Masked Autoregressive Flow (MAF): forward pass (density evaluation) is $O(d)$ passes of the full network; inverse pass (sampling) requires $d$ sequential evaluations. MAF is fast at density evaluation and slow at sampling.

Inverse Autoregressive Flow (IAF): the transformation is parameterized in the other direction, making sampling $O(1)$ parallel passes but density evaluation $O(d)$ sequential. IAF is fast at sampling and slow at density evaluation.

This speed asymmetry reflects a fundamental duality: fast density evaluation requires computing the forward direction of the transformation; fast sampling requires computing the inverse. Coupling layers occupy the middle ground, with $O(d)$ complexity in both directions at the cost of only allowing half the dimensions to be transformed per layer.

Practical training: flows vs other generative models#

Normalizing flows have distinctive training characteristics compared to VAEs and GANs:

Memory requirements: flows require storing the full Jacobian computation graph for backpropagation. For a coupling layer with $O(d)$ Jacobian determinant, the memory cost is $O(d)$ per layer and $O(Ld)$ total for $L$ layers — proportional to the model depth. In contrast, VAEs require storing the encoder, decoder, and latent sample; GANs require storing generator and discriminator. Flows are generally more memory-intensive than VAEs for the same model capacity because every intermediate activation is needed for the backward pass through the Jacobian.

Training stability: flows train with standard MLE and do not suffer from the adversarial instability of GANs or the posterior collapse failure of VAEs. However, they are sensitive to numerical stability: the log-Jacobian must be finite, which can fail if $\exp(s_\theta(x_A))$ becomes very large or very small. Clipping $s_\theta$ outputs to a bounded range and using careful weight initialization (to keep $s_\theta \approx 0$ at initialization, making the initial flow near-identity) are standard practices.
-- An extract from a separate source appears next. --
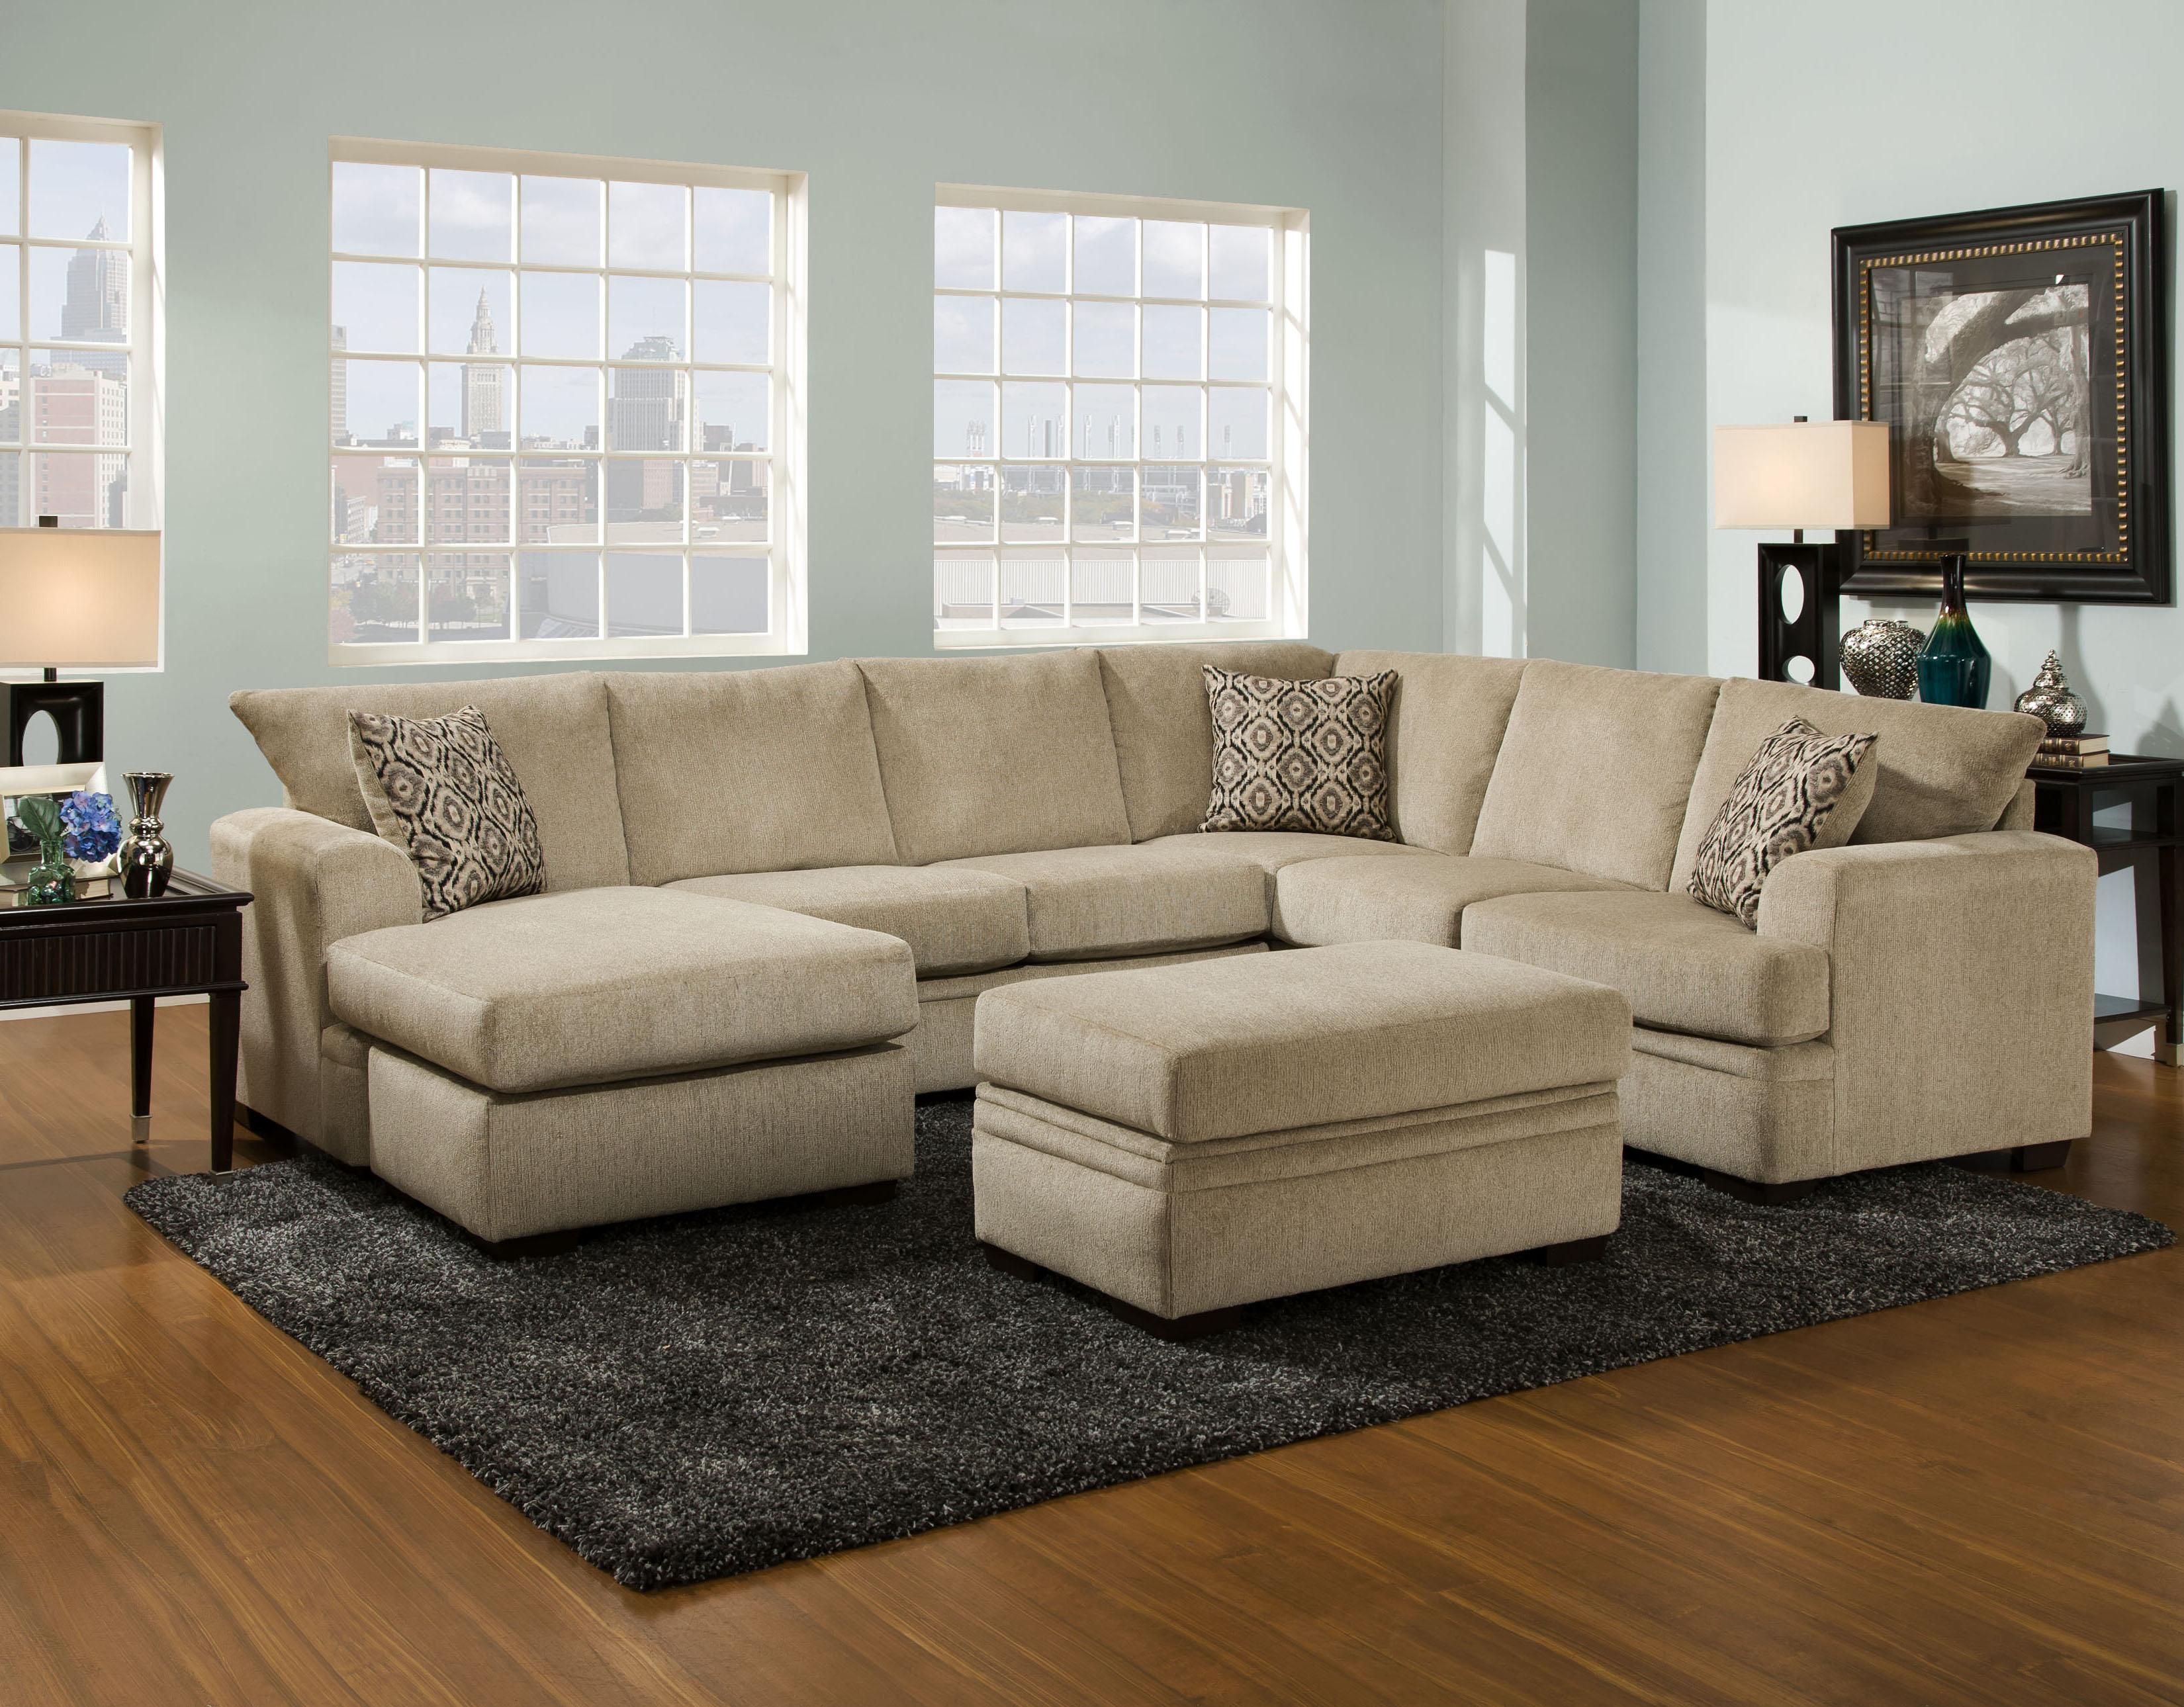 American furniture 6800 stationary living room group for American living room furniture

Data preprocessing: real-valued data (images with values in $[0, 255]$ ) must be transformed to $\mathbb{R}^d$ for flows. The standard pipeline: (1) add uniform noise $x' = x + u$ , $u \sim \text{Uniform}(0, 1)^d$ (dequantization, converting discrete pixels to continuous values); (2) apply a logit transform $y = \text{logit}(\alpha + (1-2\alpha) x'/256)$ for $\alpha \approx 0.05$ (preventing mass accumulation at the boundaries); (3) model $y$ with the flow. Forgetting this preprocessing produces flows that assign high likelihood to test images but also assign high likelihood to near-integer images that are unrealistic.

Bits per dimension: flow likelihoods are typically reported in bits per dimension (bpd): $-\log_2 p_\theta(x) / d$ . Lower is better. State-of-the-art flows achieve 3.3–3.5 bpd on CIFAR-10 (3072 dimensions); autoregressive transformers achieve 2.8–3.0 bpd but are much slower to sample. Understanding bpd allows direct comparison between model families using the same metric.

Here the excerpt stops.